On the Kitchen bird table we spot what looks like the female Grey Squirrel with the wonky right eye, here looking very 'knocked up'!
Another apple get the Squirrels 'take-away' treatment.
Is the second Squirrel at the left edge watching or preparing an ambush?
A Tawny Owl here spend at least 5 minutes on the meadow post at the end of the night.
Next day shortly after dark this Tawny Owl makes a short visit.
This pair of Badgers seem to have spent about an hour wandering the sites together.
At the bottom of the mound things get more boisterous.
Courting is a rough game for badgers!
Next day after midnight this solitary Badger wanders over the Round Mound.
This landing Wood Pigeon provides a rather nice view of the top of her wings.
Spring is 'round the corner' and its time for the birds and
mammals to start the first overtures of 'romance'. This includes
trusting your potential partner not to be crashing into you.

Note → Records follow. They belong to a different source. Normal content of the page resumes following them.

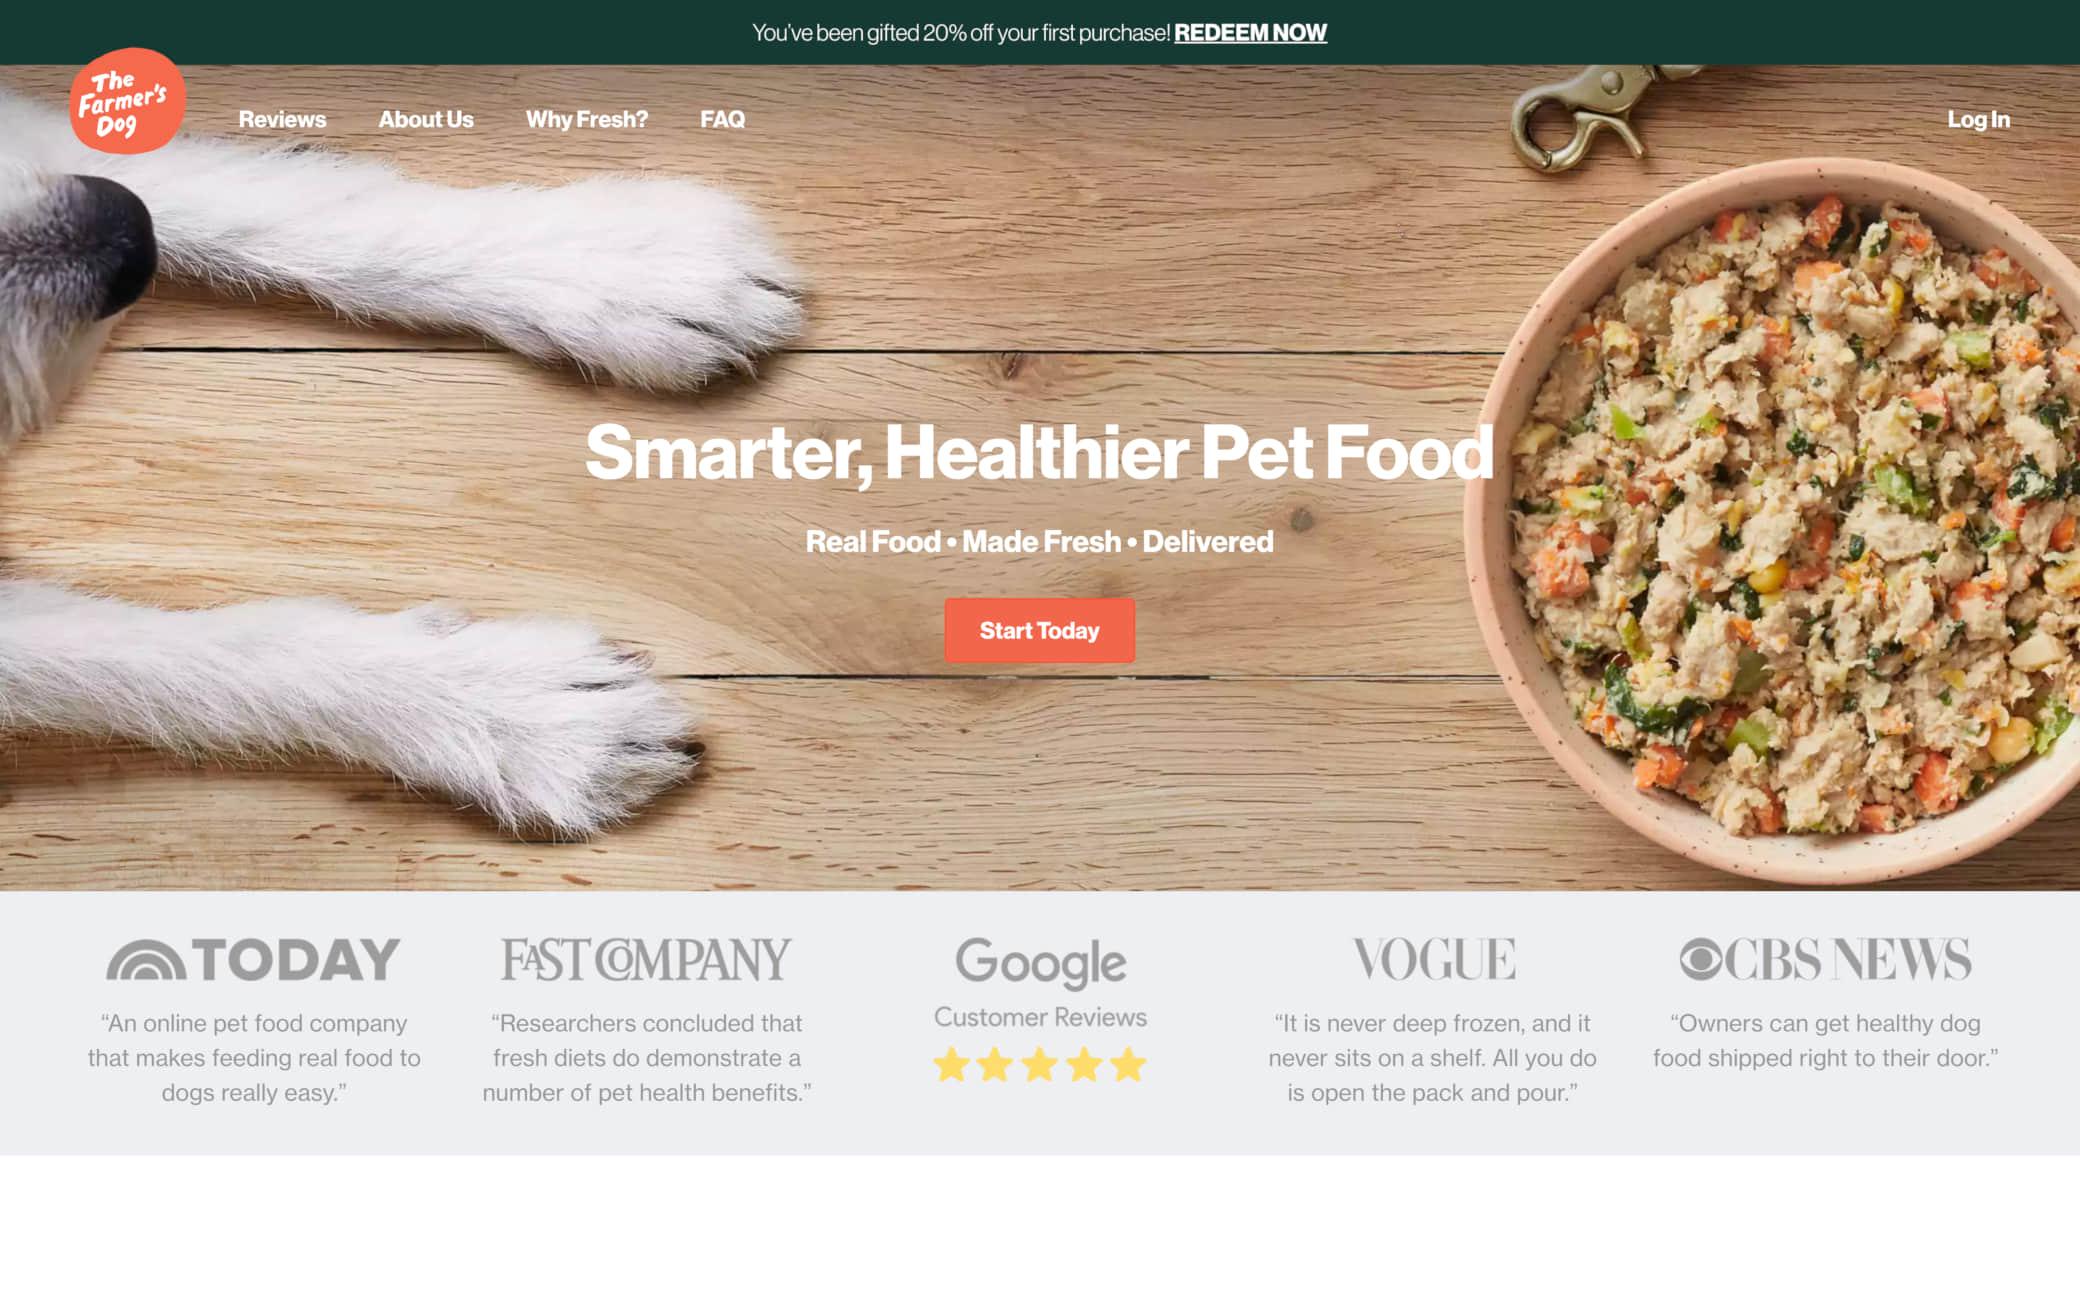 The Farmer's Dog Screenshot Main
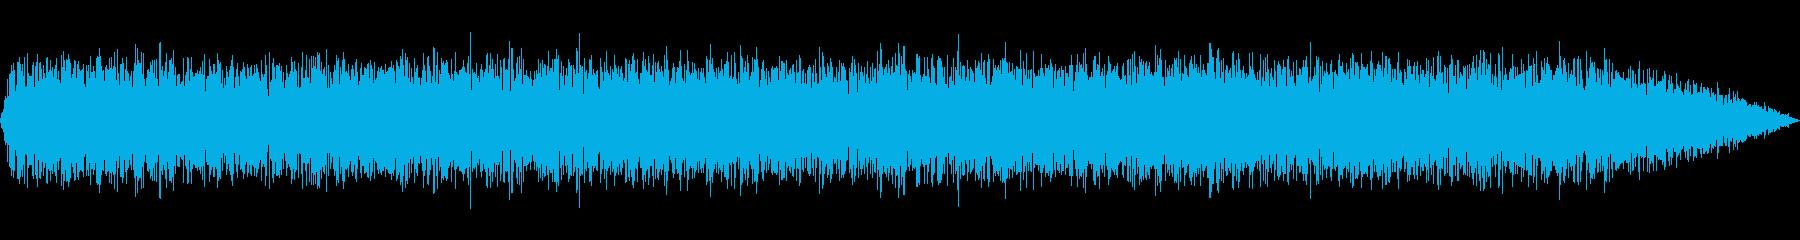 ゴゴゴゴゴゴゴゴの再生済みの波形
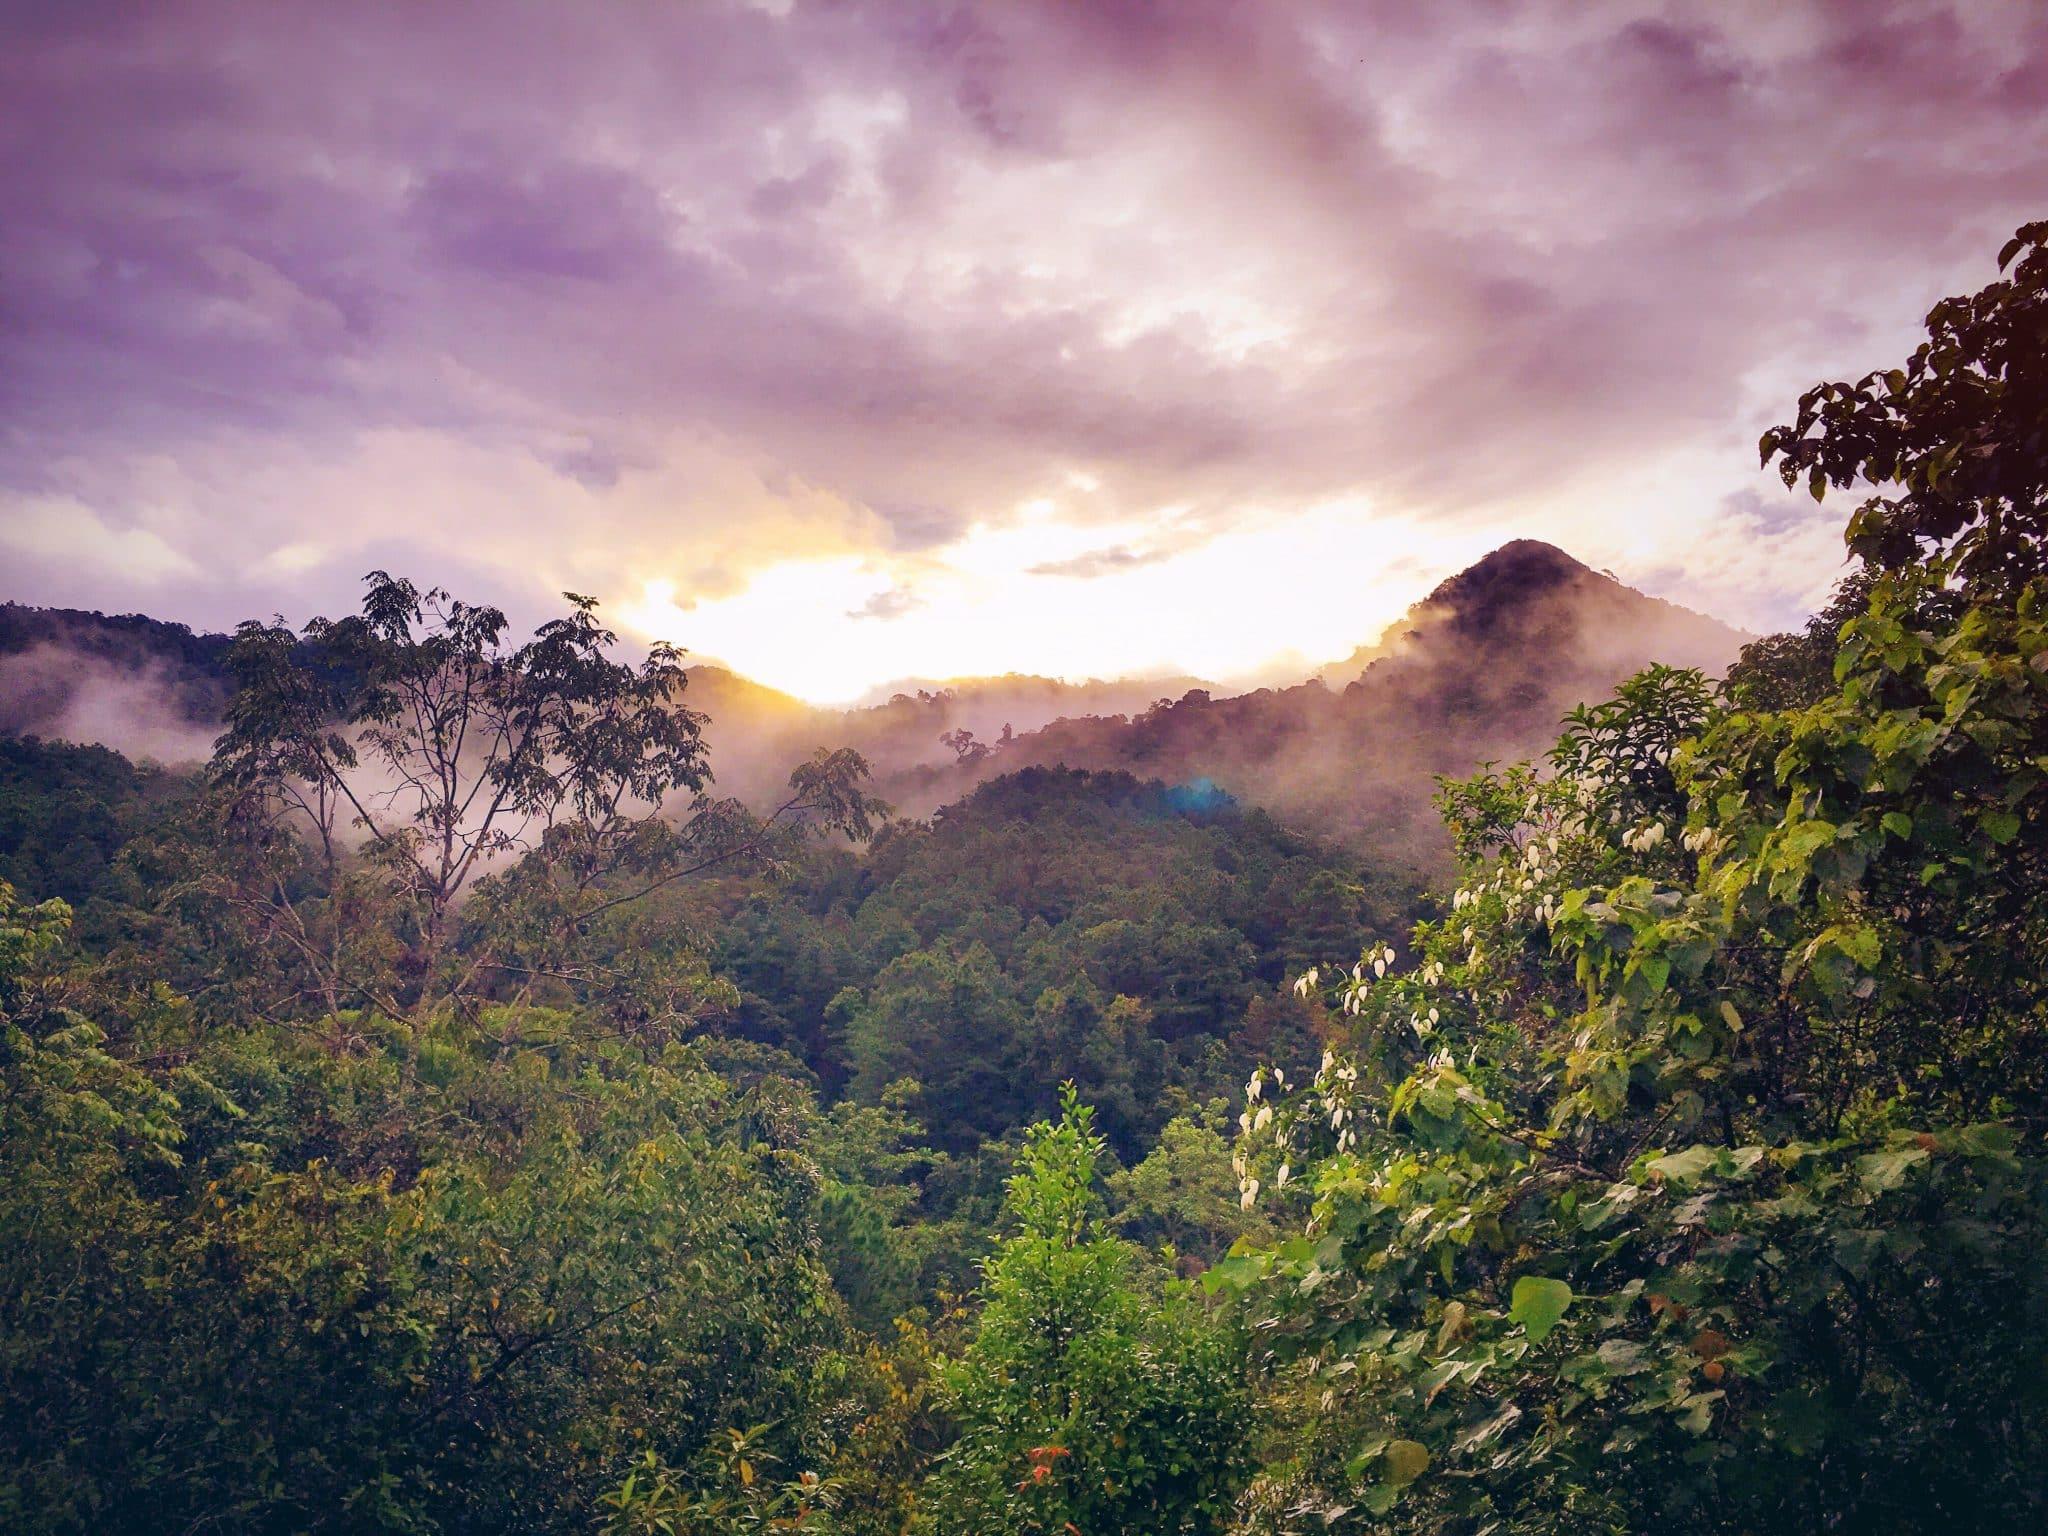 Rainforest morning

The bird at the back (with eye shut) is still folding their wings.
A pair of Wood Pigeons getting 'Romantic'.
A perky male Blackbird
A raindrop spangled male Blackbird walks across the hedge bottom.
early mid-afternoon bird get the worm.
OK - its way out of focus and off the edge of the frame, but its a fun moment to catch - except for the worm.
A pair of Blackbirds seem to own the territory including both the hedge bottom and meadow sites (about 30 metres apart).
Dunnock tries to chase away Robin
Robin tries to chase away Great Tit
A Robin perhaps a metre above the hedge bottom aerobraking to land.
From about 100 metres away we get this photo of a pair of Chinese Water Deer relaxing in the grass. The left deer is a female and the right (with a generous sized 'tusk') is the male.
One or more Foxes visit on most nights, this one providing a rather nice portrait in the IR lit blackness.
The ditch at the SW corner is now partly flooded - it seems from other blurred messes of photos that the Fox simply jumps over it rather than getting his paws and lower legs wet with the cold and muddy water.
MIDNIGHT! - time for the current male Reeves' Muntjac Deer to enter our patch and continue his nightly forage.
An hour or so after midnight the male Reeves' Muntjac Deer walks by the side of the Round Pond.